I wcale nie chodzi tu o zastąpienie mało sympatycznego słowa „zarodek” czy bardziej fachowego określenia „płód” infantylnym terminem „bobasek”, ale o wprowadzenie do debaty publicznej, a nawet do języka ludzi medycyny terminu „życie nienarodzone”.
bart :
ten pacan nie jest nawet w stanie sprawdzić w wikipedii info o swoim męczenniku.

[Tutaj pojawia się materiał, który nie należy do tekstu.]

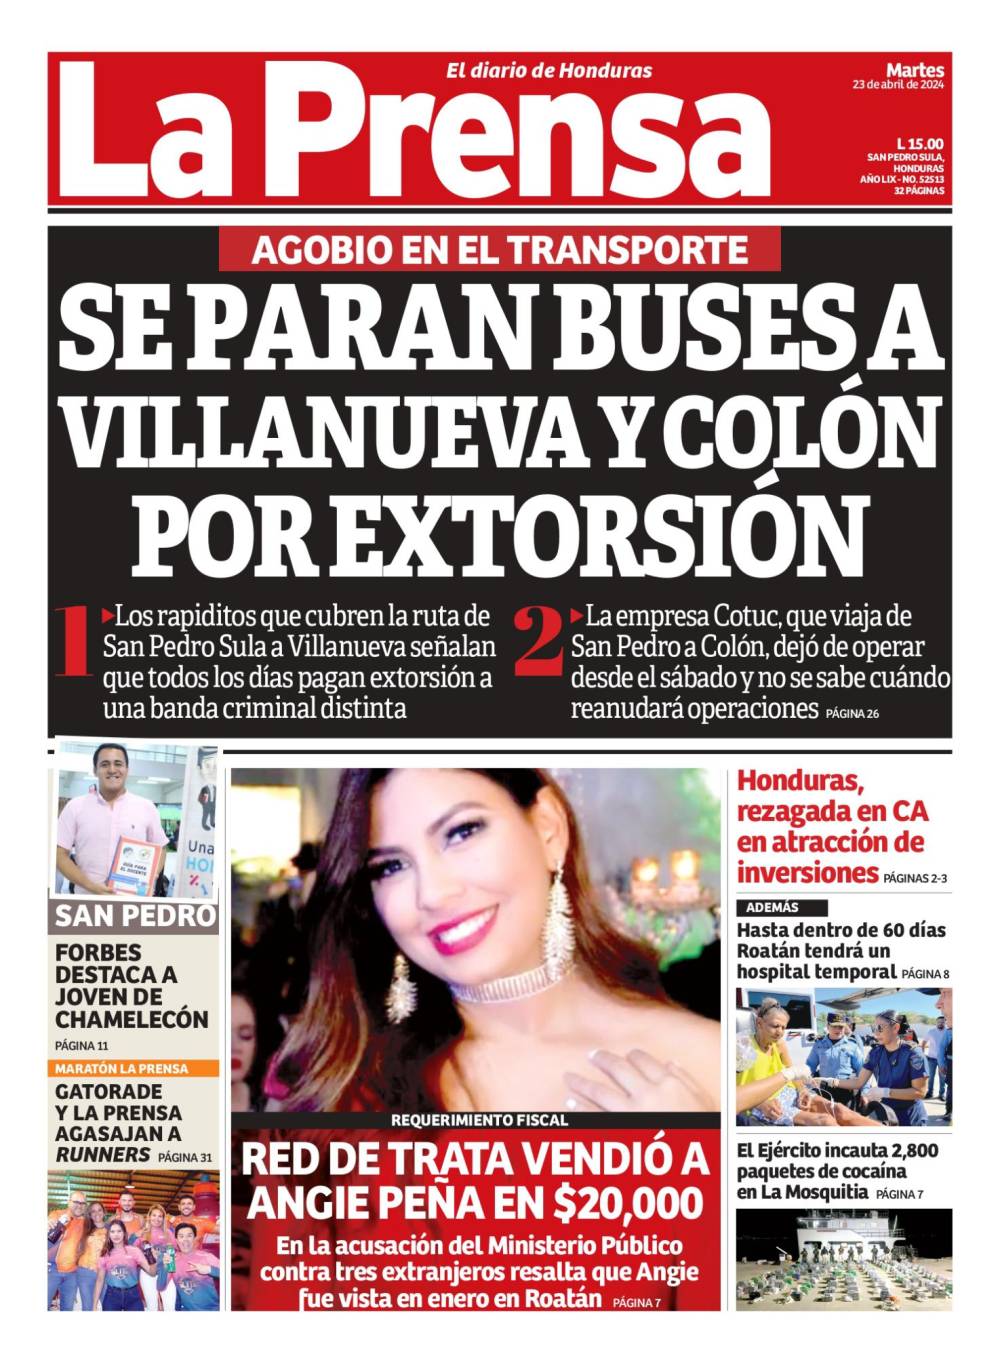 Se paran buses a Villanueva y Colón por extorsión

Christian Vanneste jest po pierwsze politykiem francuskim a nie holenderskim, po drugie dostał 3 tysiące, a nie 13 tysięcy EUR grzywny, i po trzecie nie tylko za stwierdzenie o zagrożeniu dla ludzkości, ale i za deklarację o “moralnej niższości” homoseksualistów
wo :
Ciekawi mnie jak to będzie w parach z bezpłodnością. Można się ryćkać zawsze i bez przerwy, bo skoro tak stworzona dana osoba z bezpłodnością została, to Bógtakchciał, czy może brak prokreacyjnego celu seksu wymusza śluby czystości?
wo :
“– Poczekaj chwilkę.
I chwiejąc się na trzech nogach, zaczął bardzo powoli podnosić swą czwartą nogę do ucha.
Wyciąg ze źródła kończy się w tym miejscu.